Elisey era muy alegre: bebía vodka, tomaba rapé y le gustaba cantar can­ciones. Pero no molestaba a nadie y se llevaba bien con todos los vecinos. Era un hombre bajo, de color cetrino, barba corta y rizada, y tenía, además, como su patrón, el profeta Elíseo, la cabeza completamente calva.
Hacía mucho tiempo que los dos vie­jos se habían puesto de acuerdo para marchar juntos a Jerusalén. Pero Efim demoraba siempre el viaje, a causa de sus asuntos; y, como al terminar uno empezaba otro, nunca llegaba el mo­mento de ponerse en camino. Tan pron­to era la boda del nieto, como iba a volver del ejército su hijo menor, o em­prendía la construcción de una nueva isba...
Un día de fiesta se encontraron los dos viejos; y sentáronse sobre unos tron­cos a cambiar impresiones.
-Bueno, amigo, ¿cuándo cumplimos nuestra promesa? -preguntó Elisey.
Efim quedó confuso durante un ratito. Y, al fin, dijo:
-Es preciso esperar un poco. Este año es para mí de muchísimo trabajo. He empezado a construir esta isba, calculando al principio no gastar en ella más de cien rublos; pero ya he gastado trescientos y aún no he terminado. De­jemos nuestra peregrinación para el ve­rano. Si Dios quiere, partiremos sin falta.
-Opino que no conviene esperar más. Debemos ir ahora; es la mejor ocasión, puesto que estamos en primavera -repli­có Elisey.
-Sí, es verdad. Pero ¿cómo abando­nar una empresa empezada?
-¿No puedes encargar de ello a al­guien? Tu hijo podría sustituirte.
-No tengo gran confianza en mi hijo mayor. Temo que me lo estropee todo.
-Amigo mío, hemos de morir y nuestros hijos tendrán que vivir sin nos­otros.
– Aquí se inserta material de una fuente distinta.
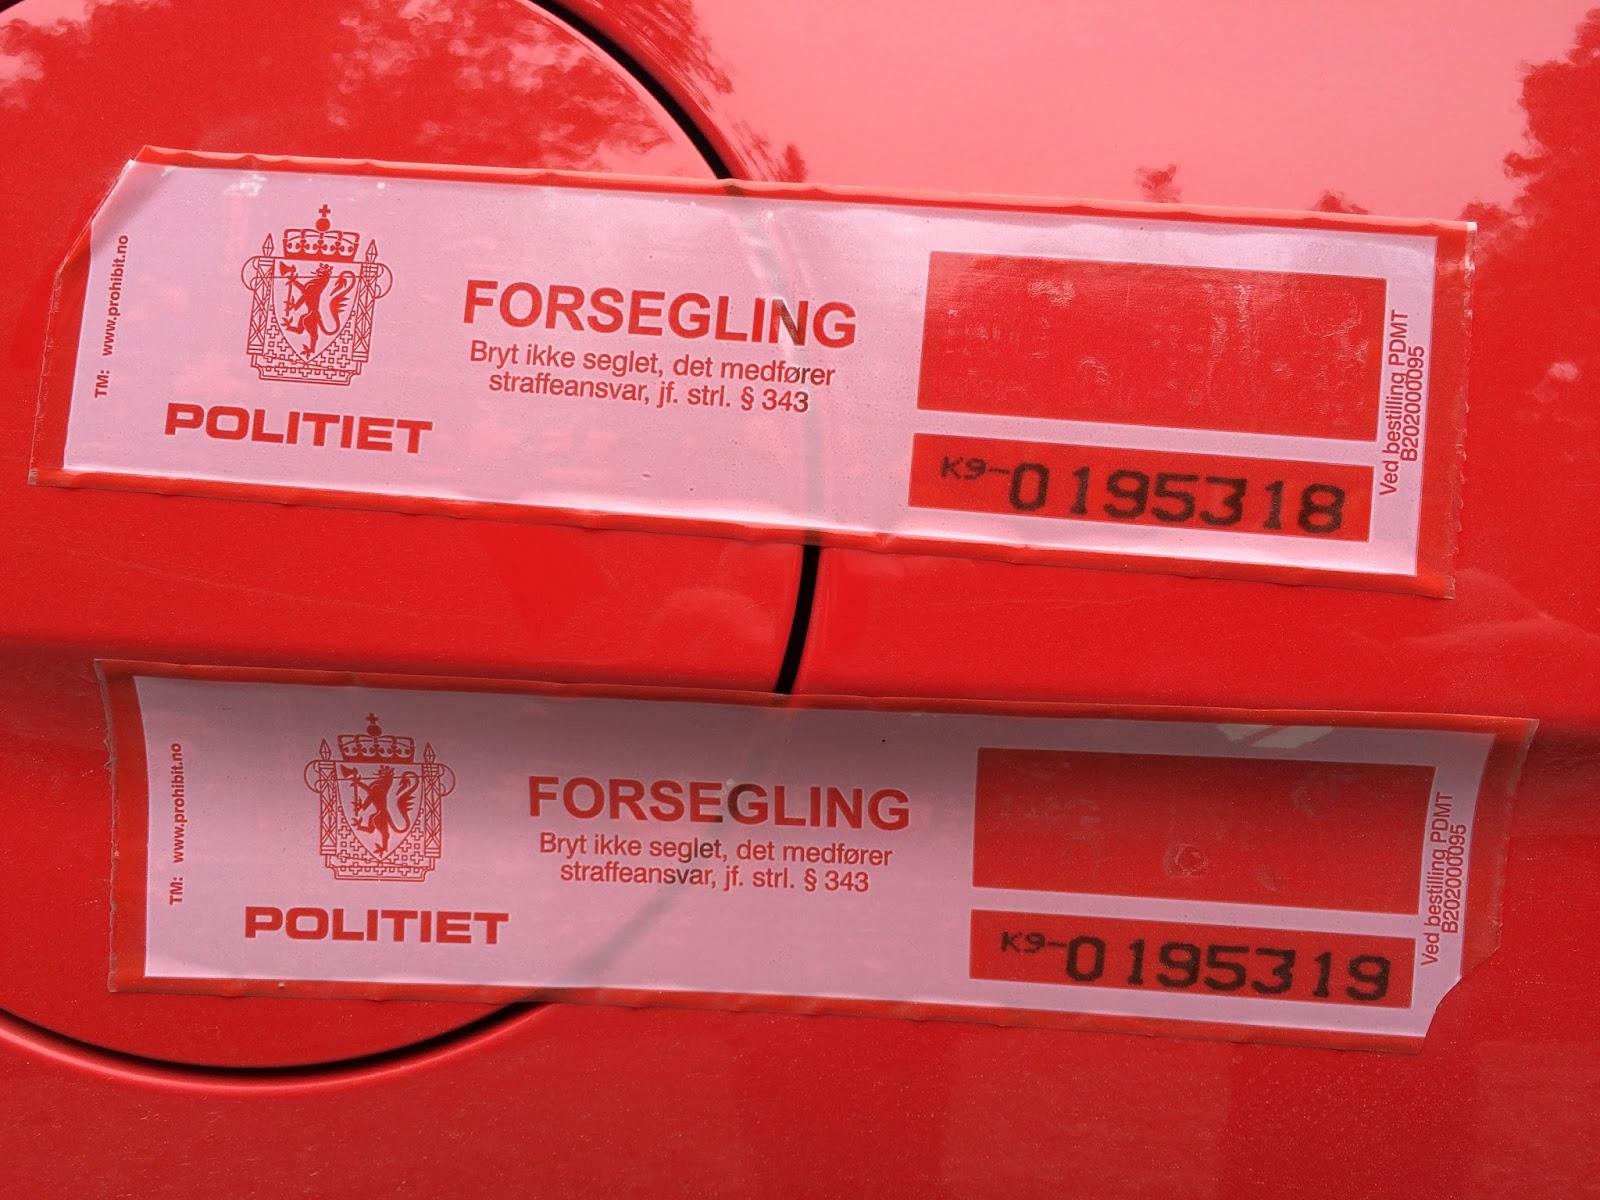 IMG 33862B252822529 Σούπερ εγκρατής οδηγός μιας Mustang, έκανε 1250 χιλιόμετρα με ένα ρεζερβουάρ! Ford, Ford Mustang, Ρεκόρ

Conviene que los tuyos se acos­tumbren.
-Tienes razón; pero la verdad es que a mí me gustaría que se hiciese todo en mi presencia.
-Pues te aseguro, amigo, que no po­drás hacerlo todo por ti mismo. Ayer, por ejemplo, las mujeres estaban lim­piando las habitaciones para la fiesta; y siempre quedaba algo por arreglar. De ninguna manera hubiera podido ha­cerlo todo yo solo. La mayor de mis nueras, que es muy inteligente, decía: "Está bien que las fiestas vengan en un día fijo, sin esperar a que nosotros que­ramos que lleguen, porque de otro modo, a pesar de nuestros esfuerzos, no aca­baríamos nunca de prepararnos para ce­lebrarlas."
Efim se quedó pensativo durante un rato.
-He gastado mucho dinero en la cons­trucción de esta isba y no puedo salir de aquí con las manos vacías. Como po­co, hacen falta cien rublos.
Elisey se echó a reír.
-No peques: tu fortuna es lo menos diez veces superior a la mía; y eres tú quien se para a pensar por cuestión de dinero... En cuanto digas que nos vamos, yo, que no tengo dinero, lo encontraré en el acto.
-¡Vaya con el ricachón! -exclamó Efim, sonriendo irónicamente. ¿Y de dónde vas a sacarlo?
-Es muy sencillo. Cogeré lo que ha­ya en casa, que ya será algo; y, para completar la cantidad, venderé una do­cena de colmenas a un vecino, que me las quiere comprar desde hace mucho.
-La reproducción de los enjambres se presenta bien, así es que luego te arrepentirás.
-¿Arrepentirme? No, no. Sólo me arrepiento de mis pecados. Nada hay que valga lo que vale la salvación del alma.
-Tienes razón. Pero tampoco está bien introducir el desorden en la casa.
-Peor es que el desarreglo penetre en el corazón. Puesto que está conveni­do, debemos partir.

Capitulo II

Elisey acabó por convencer a su ami­go. Efim reflexionó, dió vueltas y más vueltas al asunto; y, al día siguiente, fué a ver al viejo.
-Bueno, podemos ponernos en cami­no cuando quieras. Dios es el dueño de nuestra vida y de nuestra muerte. Pues­to que aún estamos vivos y tenemos fuer­zas, es preciso ir -dijo.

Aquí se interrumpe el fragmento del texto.